### What you need to do
Everything from the line holding "An I-Novel by" to the end of the listing below should be copied exactly, line for line, minus the pictures.
── Given information
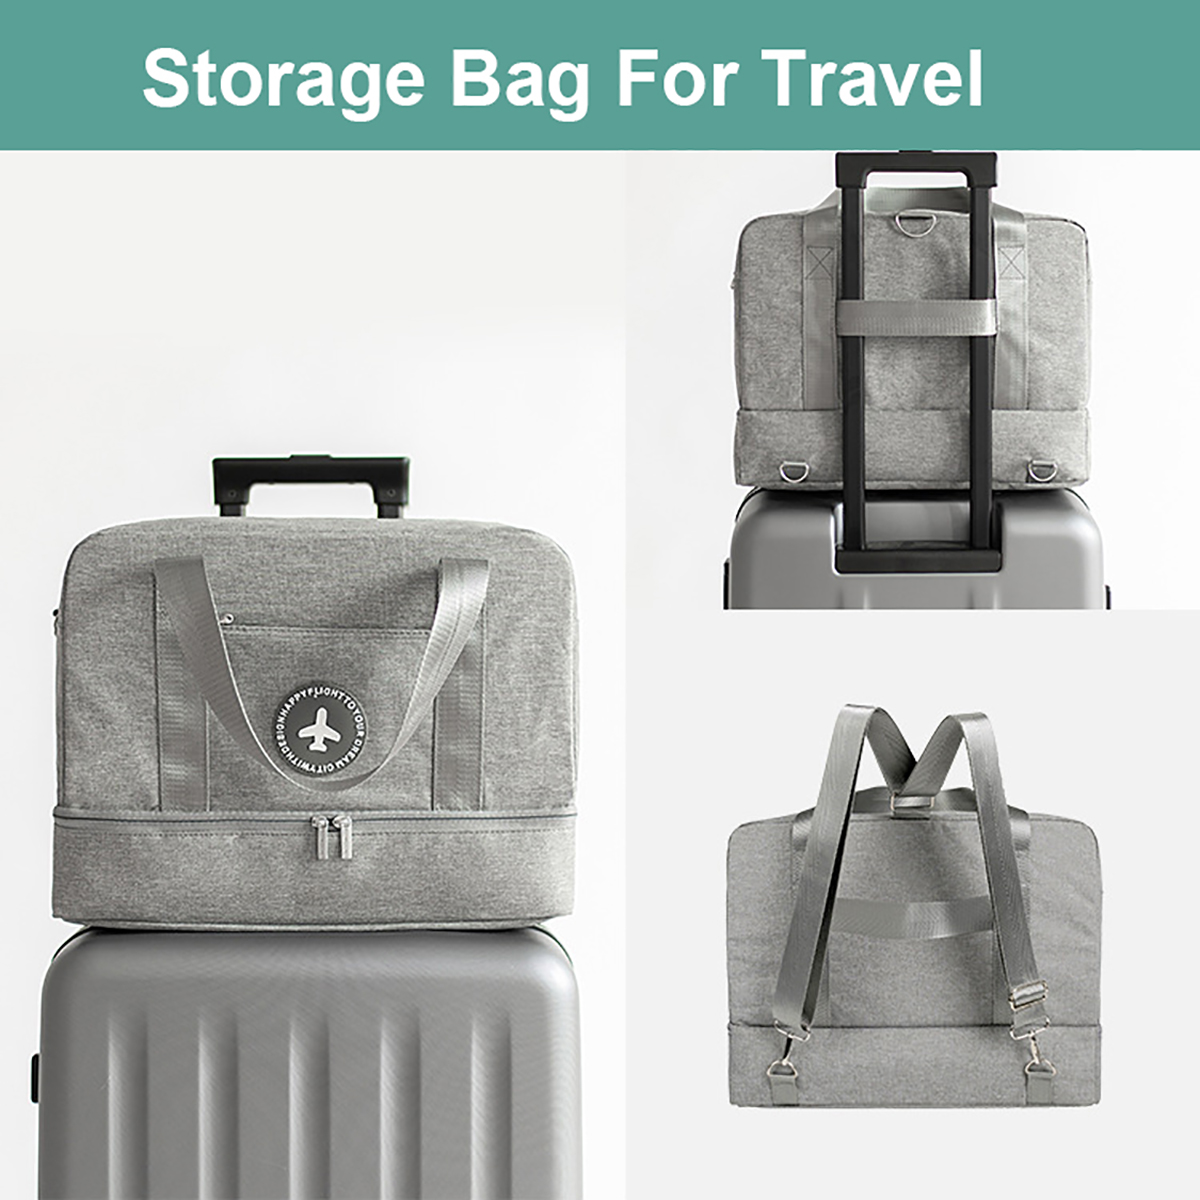 Dry-Wet-Separation-Shoes-Bag--Fitness-Yoga-Bag-Outdoor-Sports-Storage-Bag-Travel-Luggage-Handbag-1609498-4
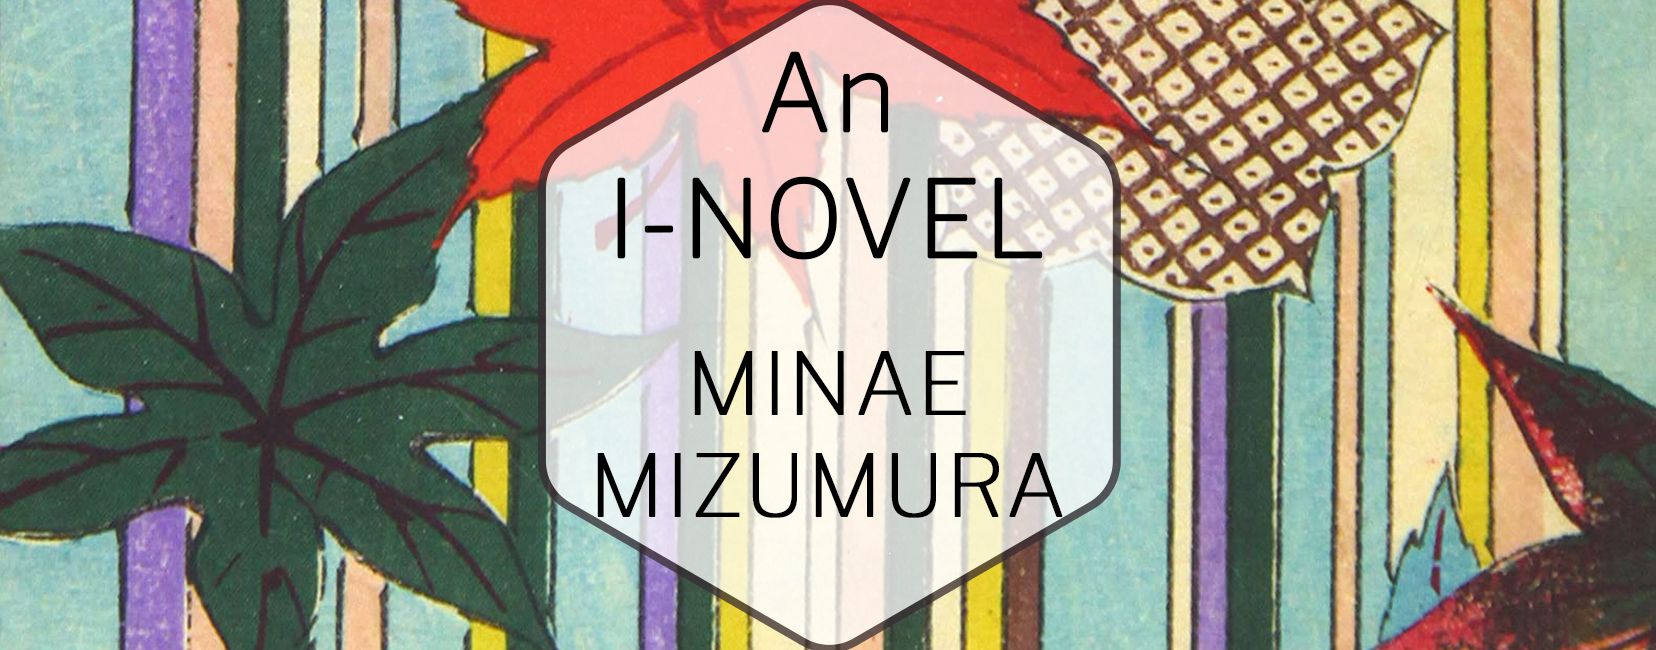 An I-Novel by Minae Mizumura translated by Juliet Winters Carpenter
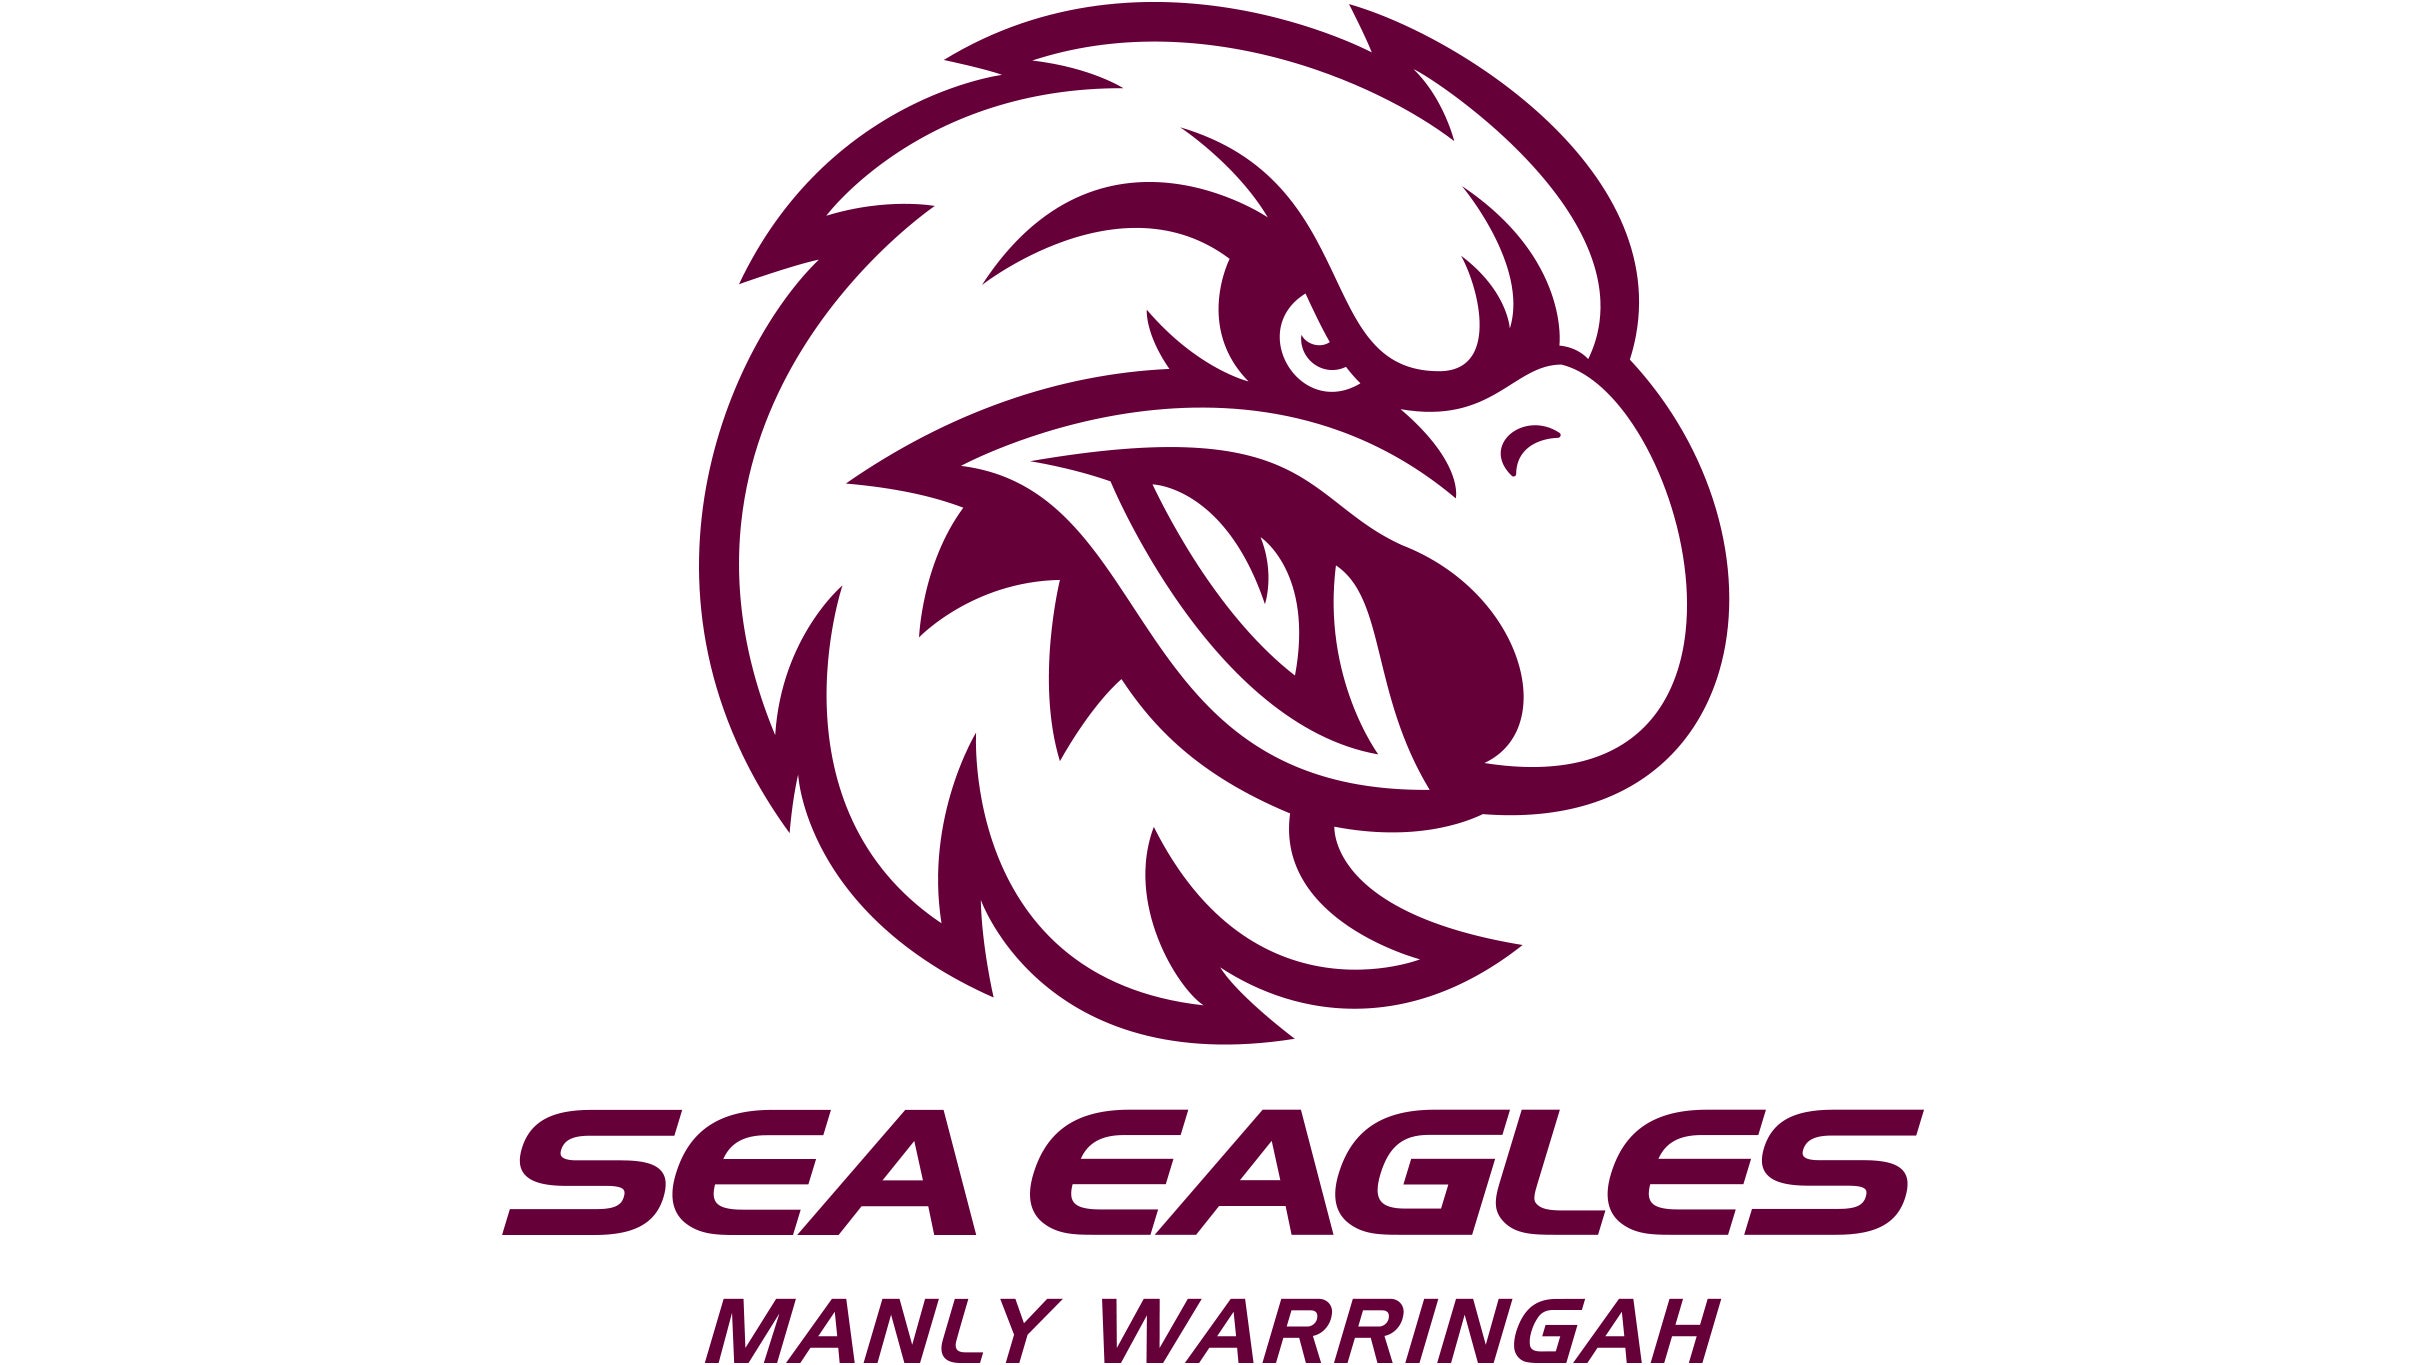 Manly Warringah Sea Eagles v Panthers in Brookvale promo photo for Sea Eagles Member presale offer code
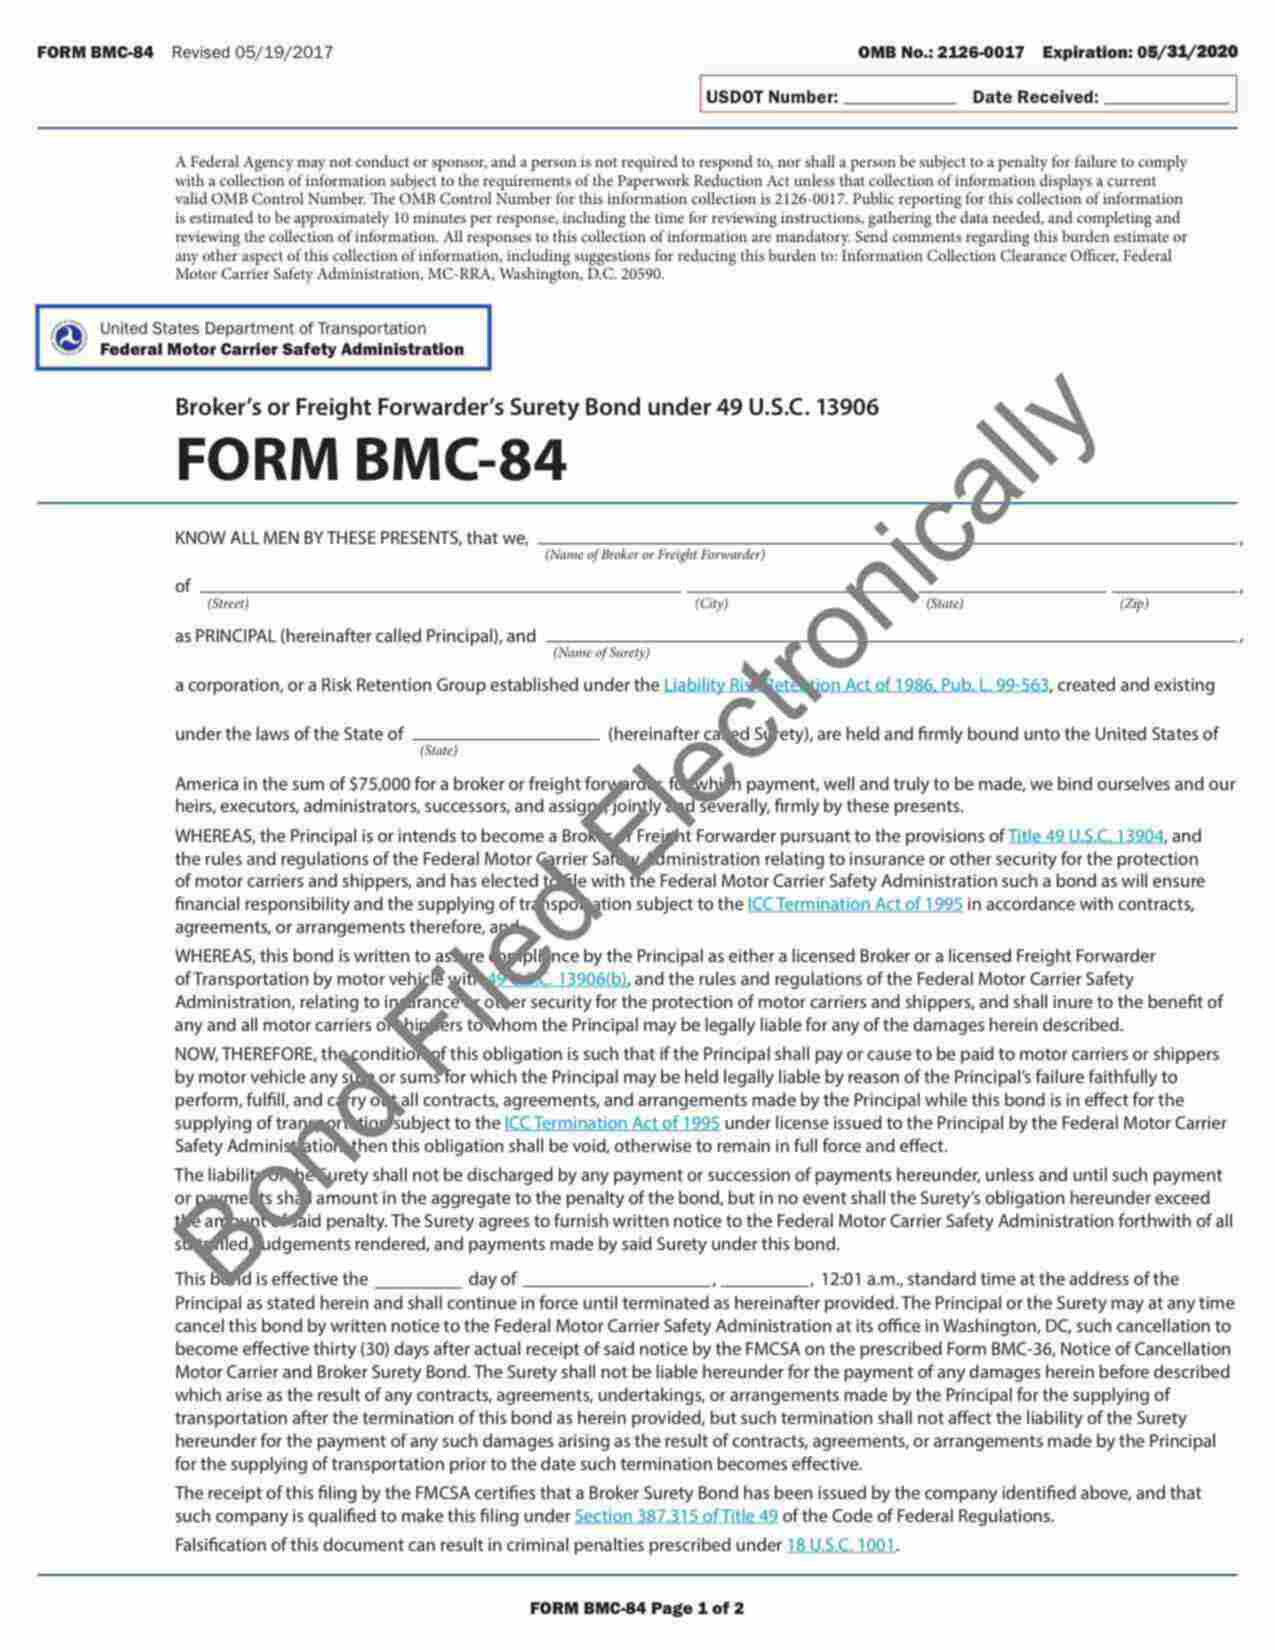 Kansas Property Broker or Freight Forwarder BMC-84 (ICC Broker) Bond Form
────
### Exercise response
 An I-Novel by Minae Mizumura translated by Juliet Winters Carpenter
 Manly Warringah Sea Eagles v Panthers in Brookvale promo photo for Sea Eagles Member presale offer code
 Kansas Property Broker or Freight Forwarder BMC-84 (ICC Broker) Bond Form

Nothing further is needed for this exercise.